The task: Below are records; reproduce exactly the lines from the one that has "Algunos de los" through the one that has "La nouvelle a", ends included, and nothing more.

Provided material START

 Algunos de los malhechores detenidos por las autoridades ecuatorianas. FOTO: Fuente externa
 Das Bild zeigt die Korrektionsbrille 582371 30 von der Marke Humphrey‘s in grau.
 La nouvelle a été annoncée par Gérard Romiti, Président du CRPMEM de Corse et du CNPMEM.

Provided material END
Provided material START

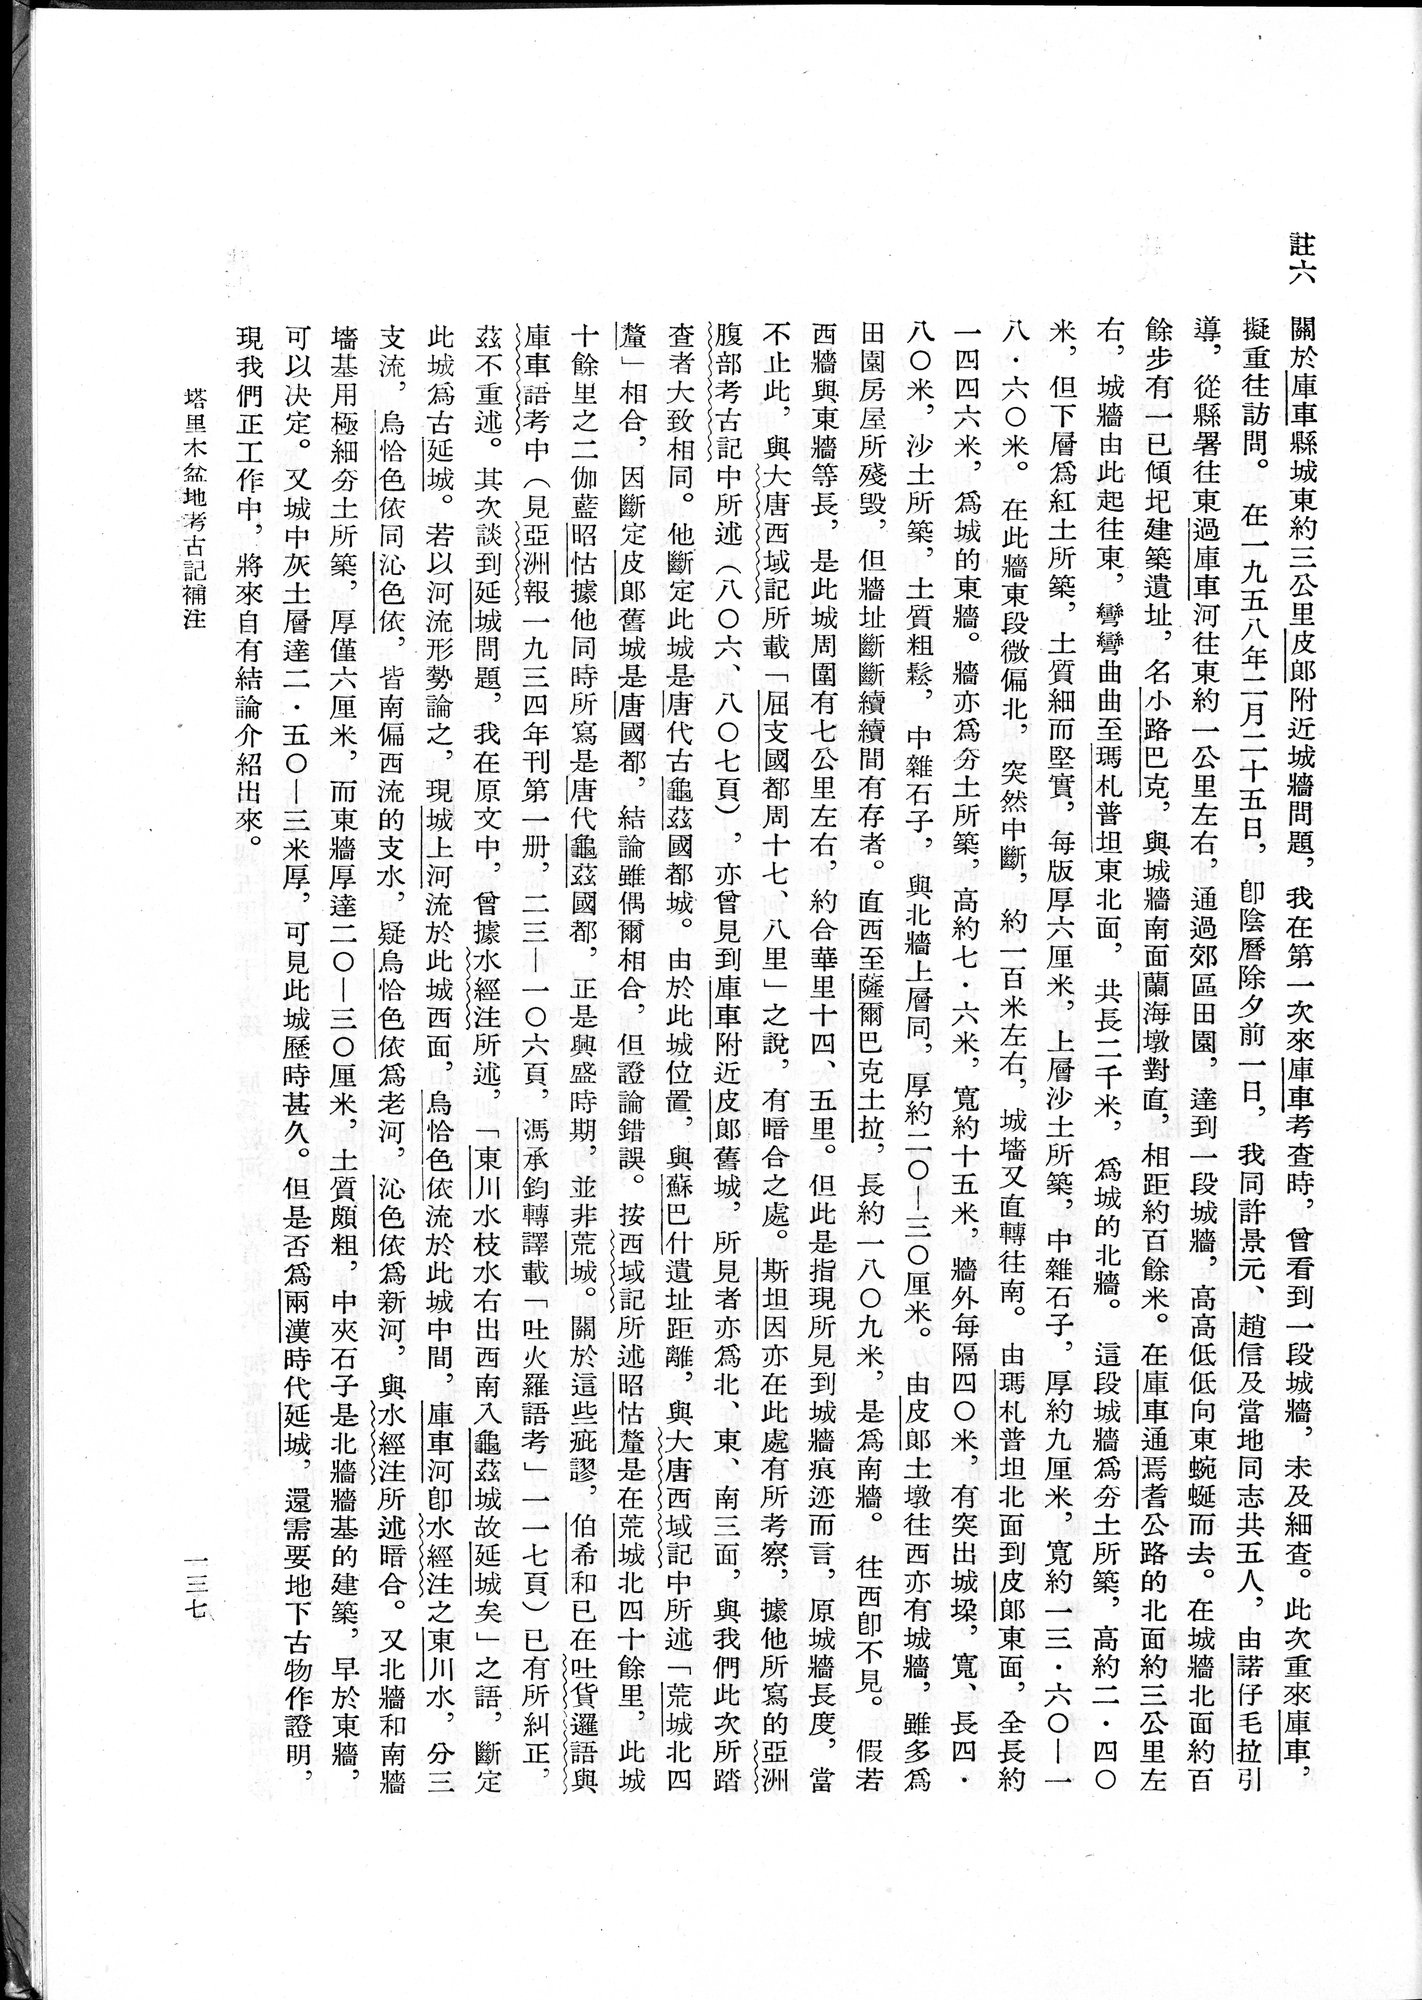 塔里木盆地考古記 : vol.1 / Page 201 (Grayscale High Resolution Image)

Provided material END
Provided material START

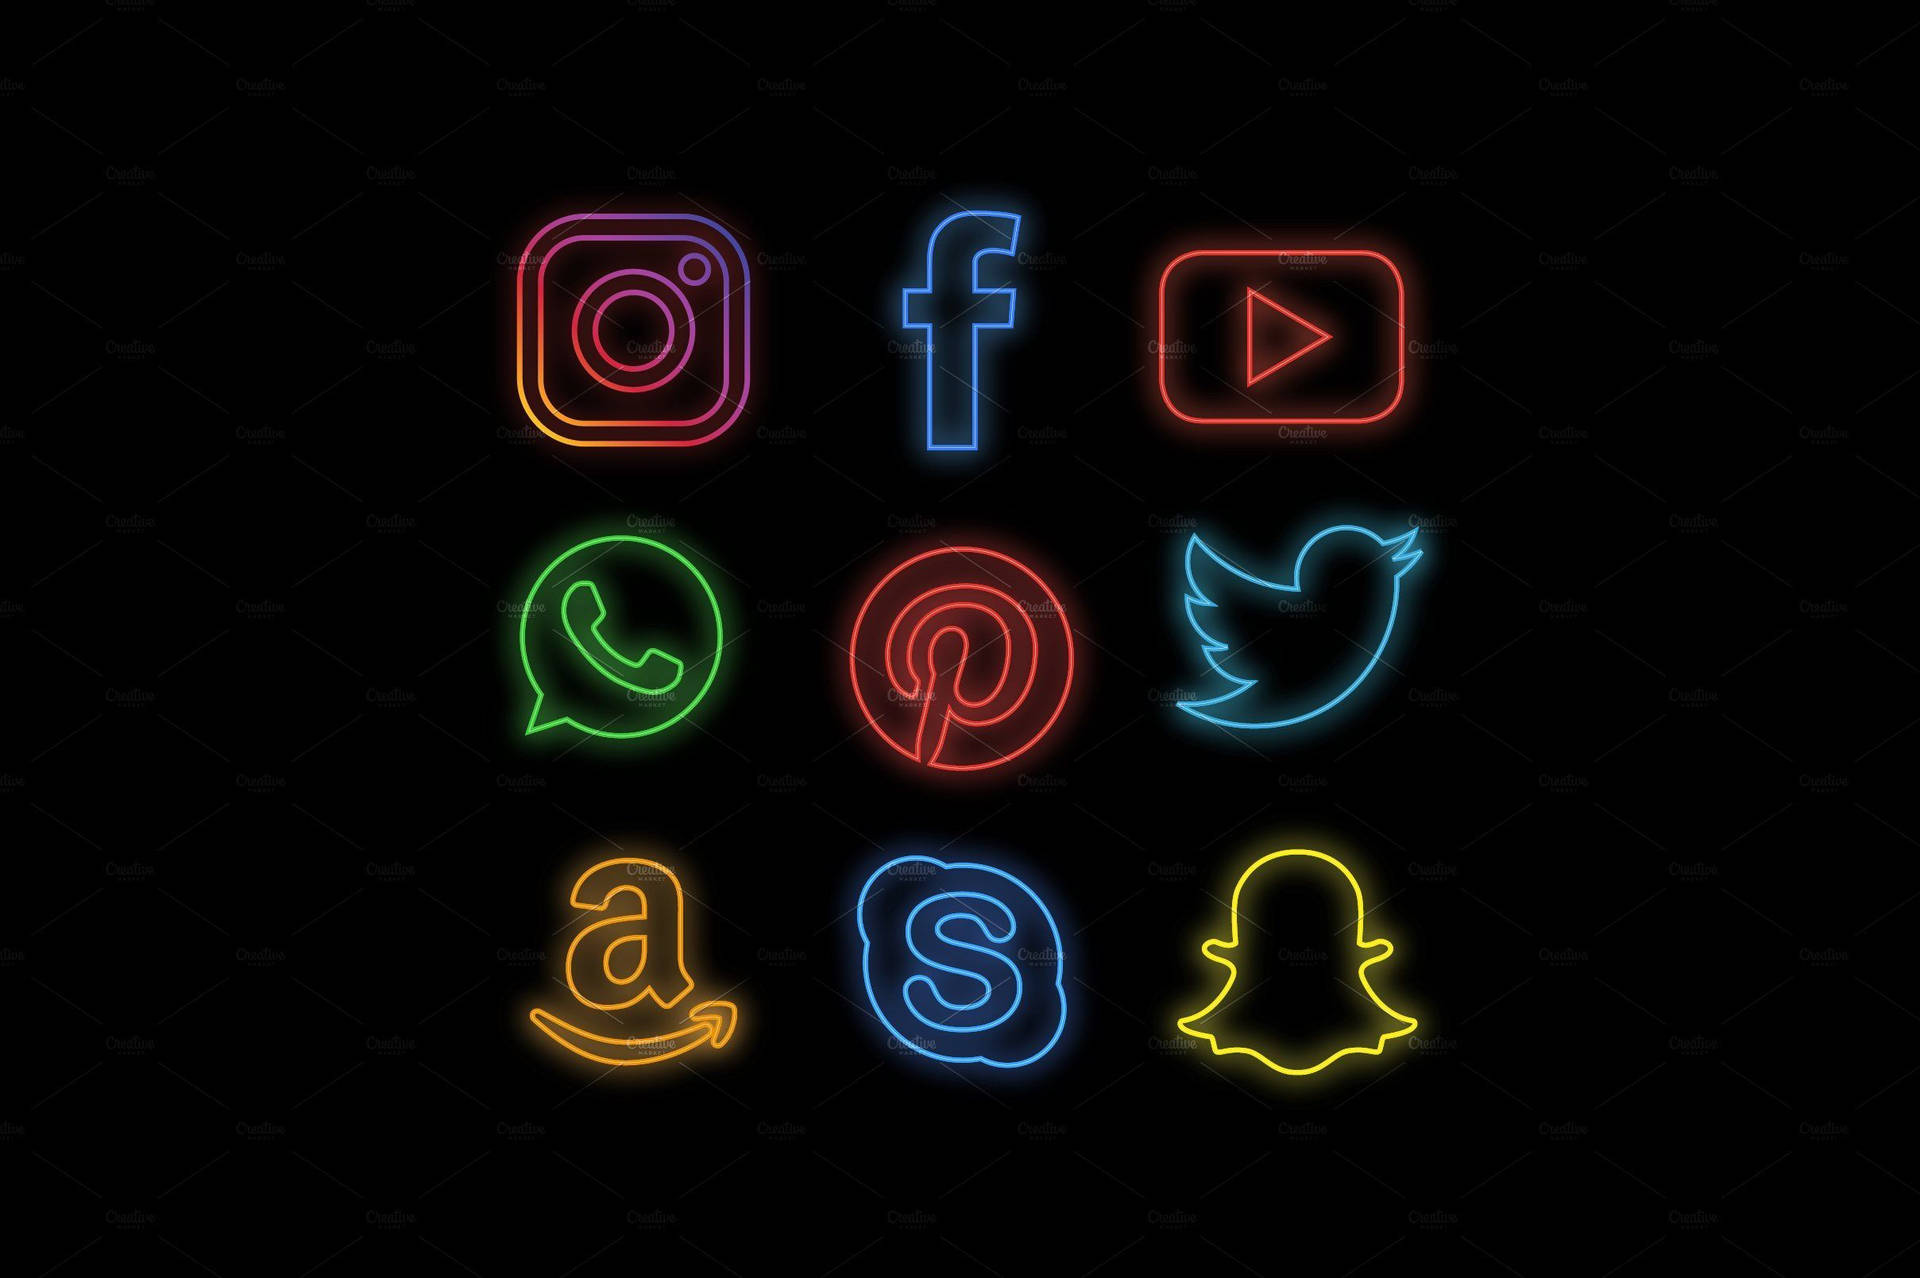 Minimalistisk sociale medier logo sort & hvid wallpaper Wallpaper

Provided material END

Answer to this exercise:
 Algunos de los malhechores detenidos por las autoridades ecuatorianas. FOTO: Fuente externa
 Das Bild zeigt die Korrektionsbrille 582371 30 von der Marke Humphrey‘s in grau.
 La nouvelle a été annoncée par Gérard Romiti, Président du CRPMEM de Corse et du CNPMEM.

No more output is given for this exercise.